30 May

Note: this is the second part of a multi-part post. Click here for the first post in this series.

Profiling a new paper/printer combination always involves the key step of printing a series of charts consisting of multiple color swatches, and measuring them with either a ‘spot’ or ‘swipe’ instrument. In most commercial profiling software packages the targets are usually predefined, and only a limited selection is available.

In general, the larger the number of patches the better the final results. Also, in general, the larger the set of target supported the more expensive the program.

Argyll CMS has no predefined targets. Instead, it provides a program that can generate any target the user desires, targeted for a wide variety of RGB, CYMK and multi-colorant printing processes and with any user defined number of patches.

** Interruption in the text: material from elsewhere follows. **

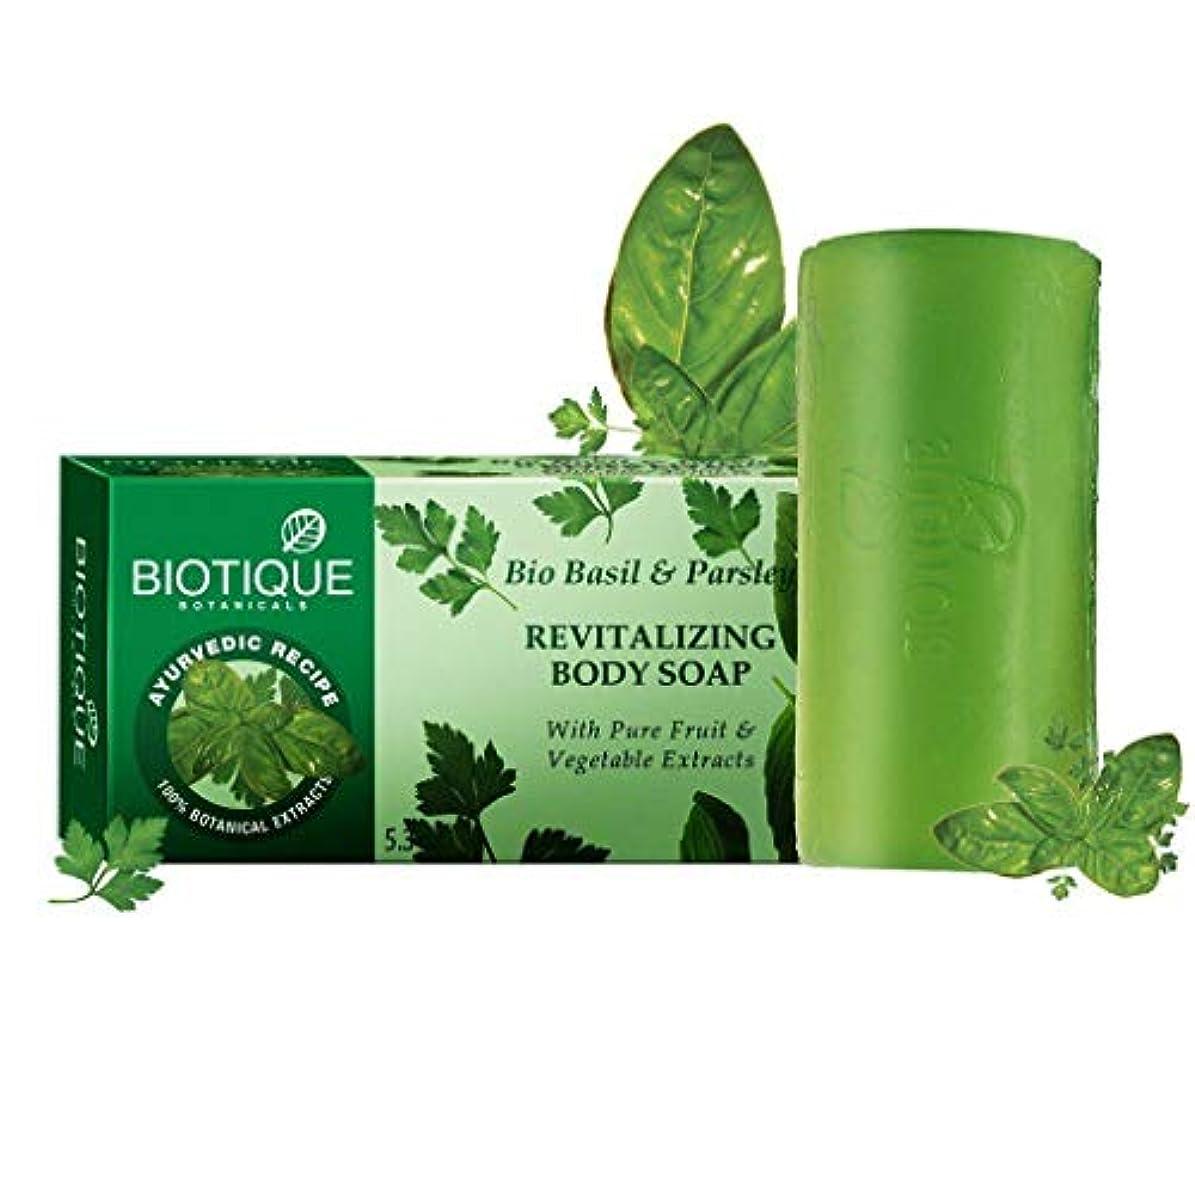 方法論知らせる債務者Biotique Bio Basil And Parsley Revitalizing Body Soap 150g (Pack of 2) Biotiqueバイオバジルとパセリの活性化ボディソープ

This program is, intuitively enough, called ‘targen’, and it is the first step in the process. We suggest starting the process within a new folder named for the paper being profiled, to make it easier to keep track of all the files that will be generated. In the examples to follow we will be using a Mac computer running OS 10.6, but the command line syntax is identical across Mac OS, Linux and Windows.

Here is the syntax of the targen command as we use it in our workflow (note, options are case sensitive, and should be used exactly as shown):


targen -v2 -d2 -G -g128 -e8 -f2264 paper_printer_target_name


And here is an explanation of the options we use (a summary of all options can be quickly reviewed by issuing the targen command with no option, or by reviewing the online documentation).


Option Explanation
-v2 -v controls the verbosity the program output during execution. Level 2 provides us with our desired level of diagnostic output
-d2 -d chooses the colorant combination for the targeted output device. The value 2 indicates an RGB printer (the proper choice for most inkjet printers, even if they really use CYMK based inks)
-G -G instructs targen to generate good optimized target points as opposed to use a fast algorithm. We are after quality, and we don’t mind a little more processing time.
-g128 -g (watch for the case) controls the number of pure neutral patches that will be included in the target. A clean rendition of neutral tones is a key feature of a good profile, so we include 128 neutral patches. Targen will generate 128 equally spaced patches between pure black and pure white.
-e8 -e controls the number of pure white test patches included in the target. We chose to have 8 white patches.
-f2264 -f controls the total number of patches that will comprise the calibration target. A feature of high grade profiles is that usually are generated from 1728 (12^3) or more samples. This minimum number provides at least 12 levels for each RGB primary and all possible combinations of those primary. In addition, we like to have at least 128 neutral levels and 8 white patches, for a total of 1864. We picked 2264 as that is the number of patches that will completely fill 5 11×17 sheets  (the above patch set overflows 4 sheets) when printed for a ColorMunki in high-density mode. Feel free to chose a different number to optimize the paper size and instrument combination you are using. Up to 3,000 patches can be used for best quality inkjet output profiles, before reaching a point of diminishing returns.
paper_printer_target_name This is the base name for the target (and the eventual profile) to be created. For simplicity I do not recommend the inclusion of spaces in the file name, but if you want to do so make sure to include the file name in double quotes as “paper printer target name” or expect syntax errors!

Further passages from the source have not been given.